" To most observers, though, Mom Boucher appeared to take the crackdown as a personal challenge. In June and September of 1997, two off-duty prison guards were murdered in drive-by shootings. One of the gunmen would later testify that Boucher ordered the killings to send a message to would-be prison informers. (He also recalled being summoned to Boucher's house and sent up in a helicopter to patrol for rival gang members.) Boucher spent most of the following year behind bars, but the jury evidently didn't believe the gunman-the only witness, an ex-con-and Boucher was acquitted. From then on, he made a point of flaunting his apparent impunity (even while he, like Faucher, rarely left home without a bulletproof vest). He worked out daily at a gym across the street from a police precinct house. Two or three times a week, he held meetings at a food court in the building that housed the cops' investigative unit. Sometimes he even took snapshots of the detectives, with whom he was by then well-acquainted.
Even Canada's criminal population began to take umbrage. Police say several underworld figures in Montreal sent word to Boucher to cool things down before the laws became so strict that none of them would be able to function. "There was huge pressure from the Italians, and even the Asian and Colombian gangs, for a truce," says a source at the Canadian intelligence agency. Finally, Fred Faucher would get his meeting with the Hells.
On October 8, 2000, Mom Boucher sat down with Faucher at the Bleu Marin. A photographer from the weekly crime tabloid Allo Police was invited to take pictures as the rival leaders smiled and shook hands. After the cameraman was shooed away, Boucher made an unexpected offer: He invited the Rock Machine to join the Hells Angels. "Their idea was if we sit all together, we can have something that will last forever," Faucher says. "'We have so many involved,' they said, 'so many people around us, so many support clubs.' All that would be ours."
For the Rock Machine, joining the Hells Angels seemed like an odd move-if not, in light of the Lennoxville Massacre, altogether naïve. Faucher, however, says he took the offer back to his troops. "We agreed that we'd stay together [as the Rock Machine] for another year, and get to know each other for a while and settle down the dust," he says.
Of course, that didn't happen. Two days after the meeting, Boucher was arrested again; the government had won the right to retry him for the murders of the two prison guards. Soon he would be charged with thirteen more murders and a host of other crimes in a case police had been developing for months with the help of an informant. Danny Kane, a 31-year-old contract killer for the Hells Angels, was living a double life in almost every way. At home, he was a husband and father of four. Away from home, he was the gay lover of a Hells Angels associate, a convicted killer whom he had met through a personal ad. And at work, as the driver and bodyguard for one of Boucher's top associates, he was secretly recording conversations and copying computer disks that police say documented a $1 billion-a-year cocaine empire headed by Boucher's Nomads. A few weeks after turning over his evidence, which police hope will deal a lethal blow to the Hells Angels, Kane was found dead in his garage of carbon-monoxide poisoning.
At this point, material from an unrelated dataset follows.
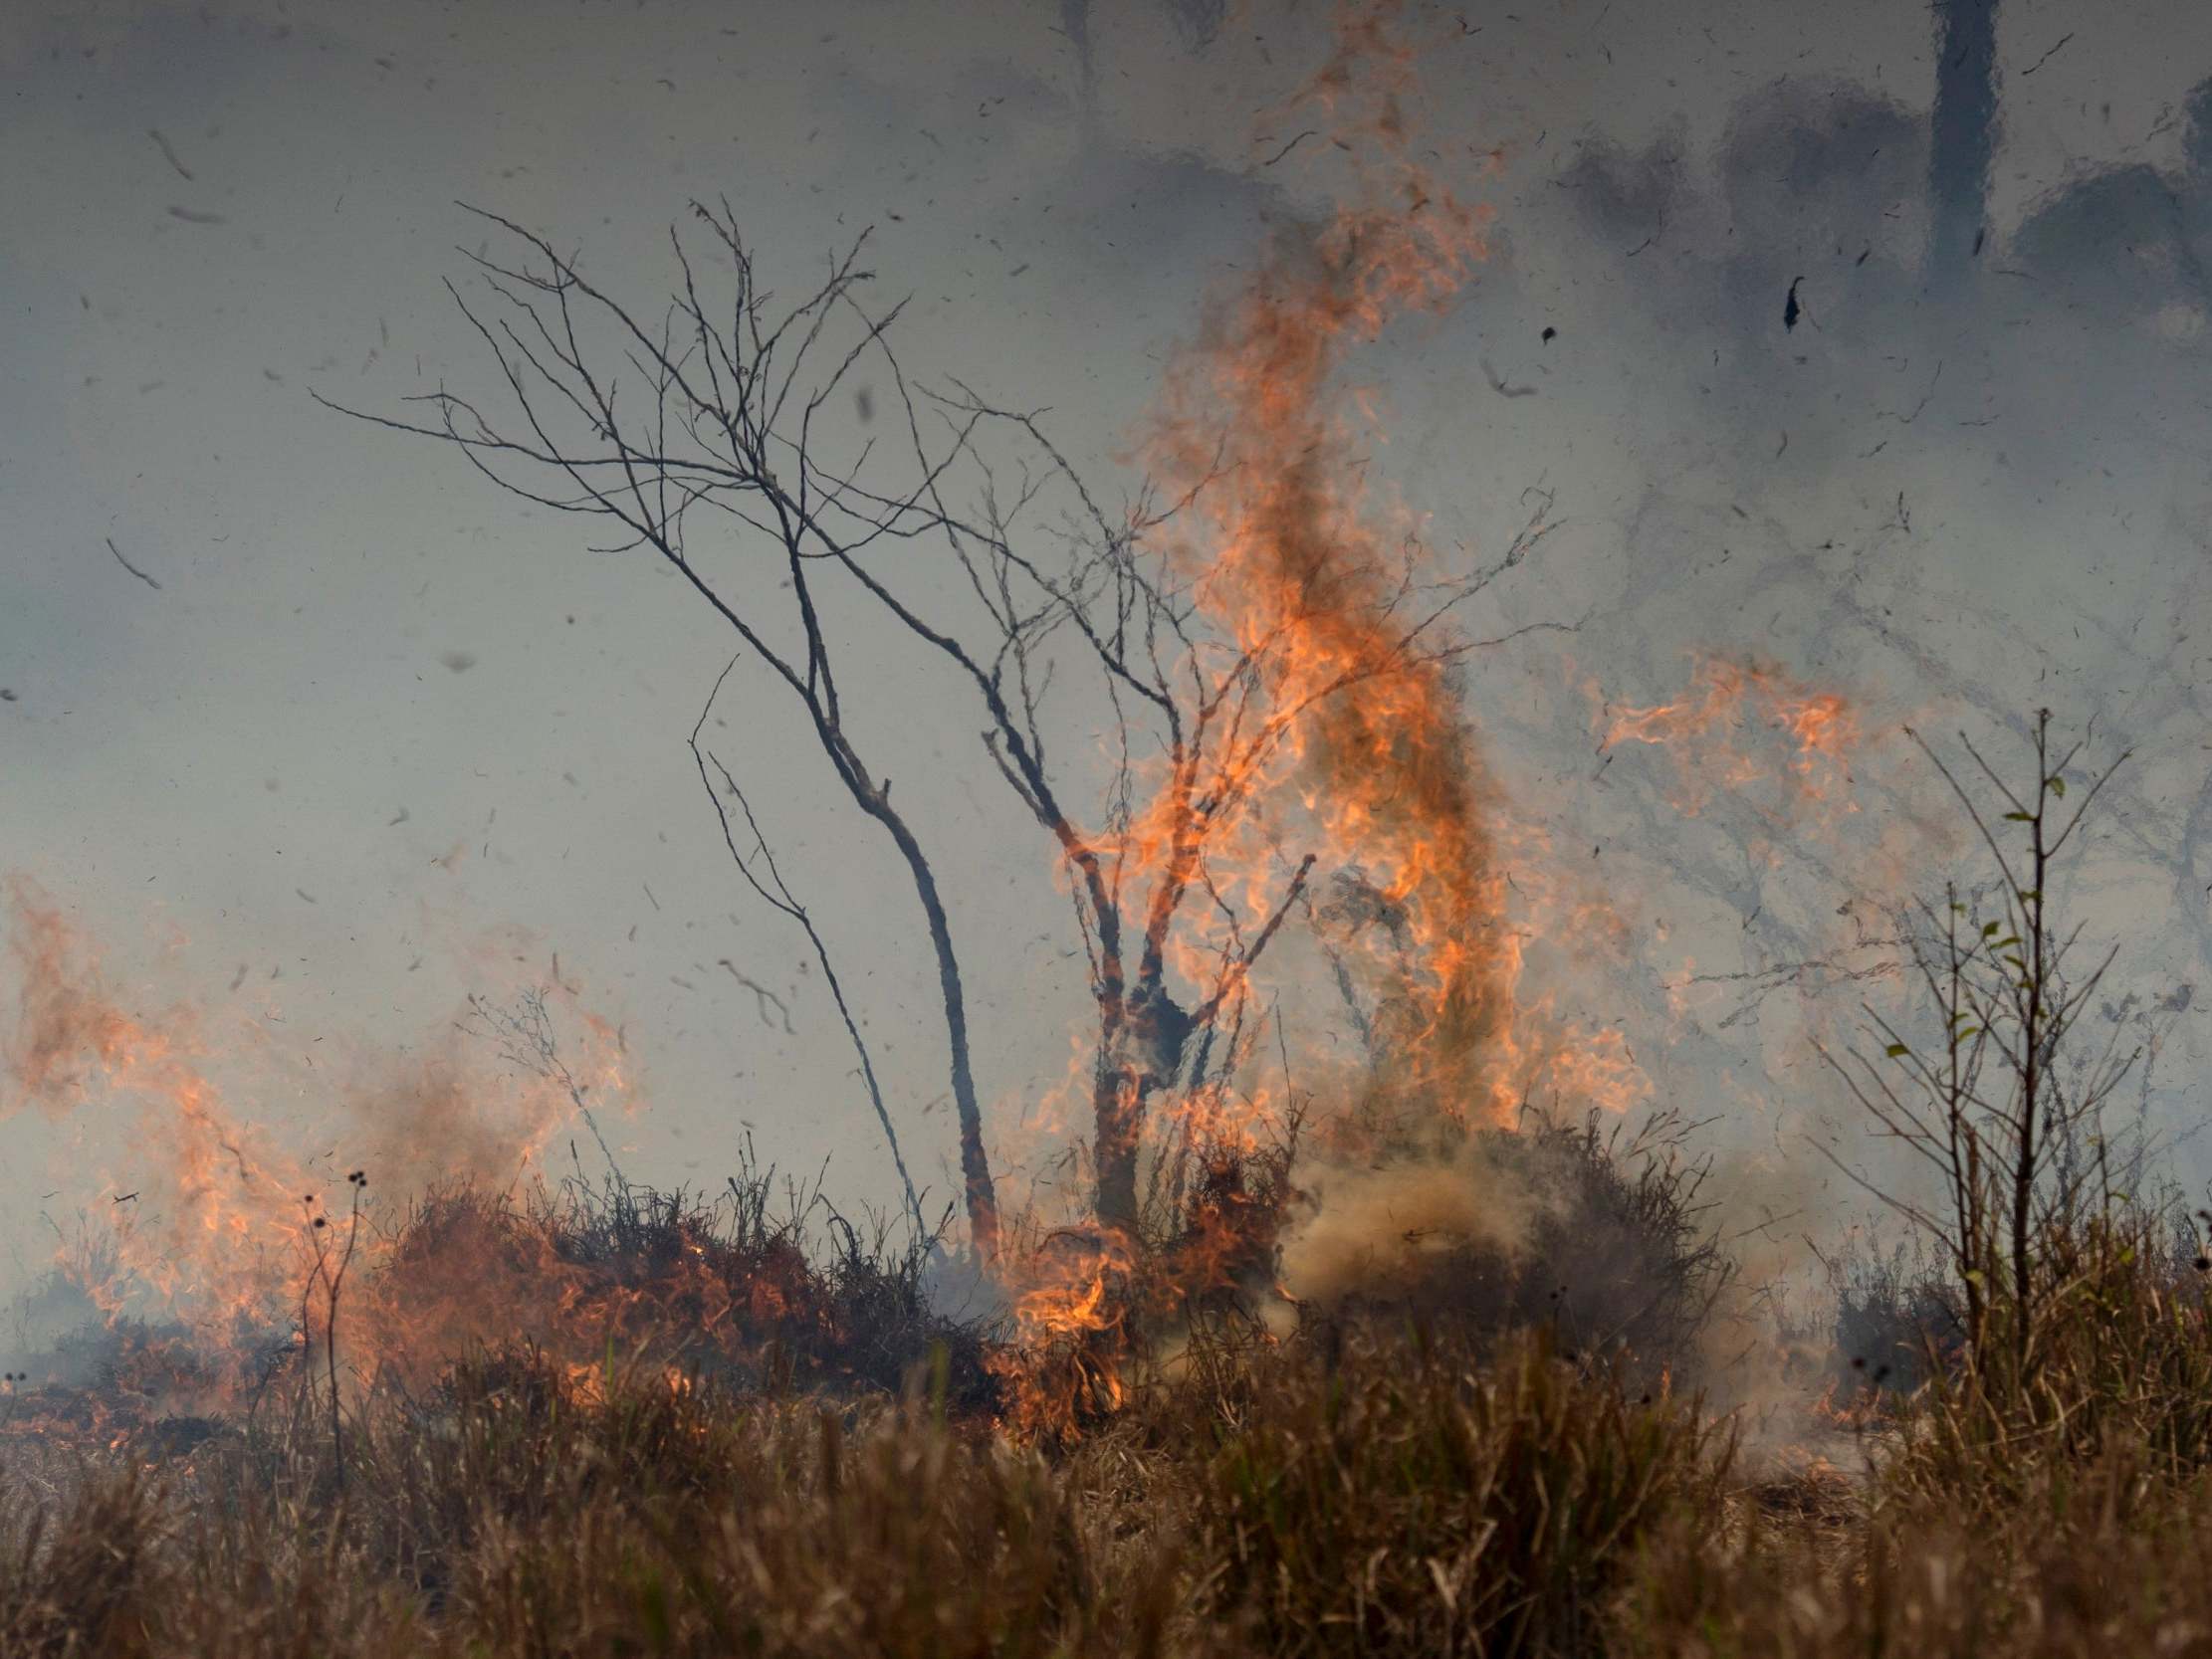 Fire consumes brush at the Nova Fronteira region in Novo Progresso, Brazil

With Boucher locked up, the Rock Machine saw an opportunity. Five members-Faucher was not among them-flew to Germany and finally secured an official invitation to join the Bandidos. Police say the Rock Machine voted to accept the offer at a meeting on November 29, 2000, a move that is hard to interpret as anything but a battle cry. Faucher is adamant that the decision came after his last arrest, on December 6. "What we agreed on before I got locked in, I stood up to that," Faucher says. "You can tell Mom."
Either way, the Bandidos' arrival in Canada has triggered a worldwide expansion drive by both Hells Angels and Bandidos. Law-enforcement experts in the United States, including the FBI, say the actions resemble a military preparation. "There's friction in Germany, there's friction in New Mexico, there's friction in Colorado," says Patrick Schneider, a U.S. attorney based in Phoenix and the president of the International Outlaw Motorcycle Gang Investigators Association. "For the first time, you have the Hells Angels' world dominance being seriously challenged. One of two things has to happen: Either they work out an uneasy truce, divide up the territory and co-exist, or I can't see that there's going to be anything short of a bloodbath worldwide."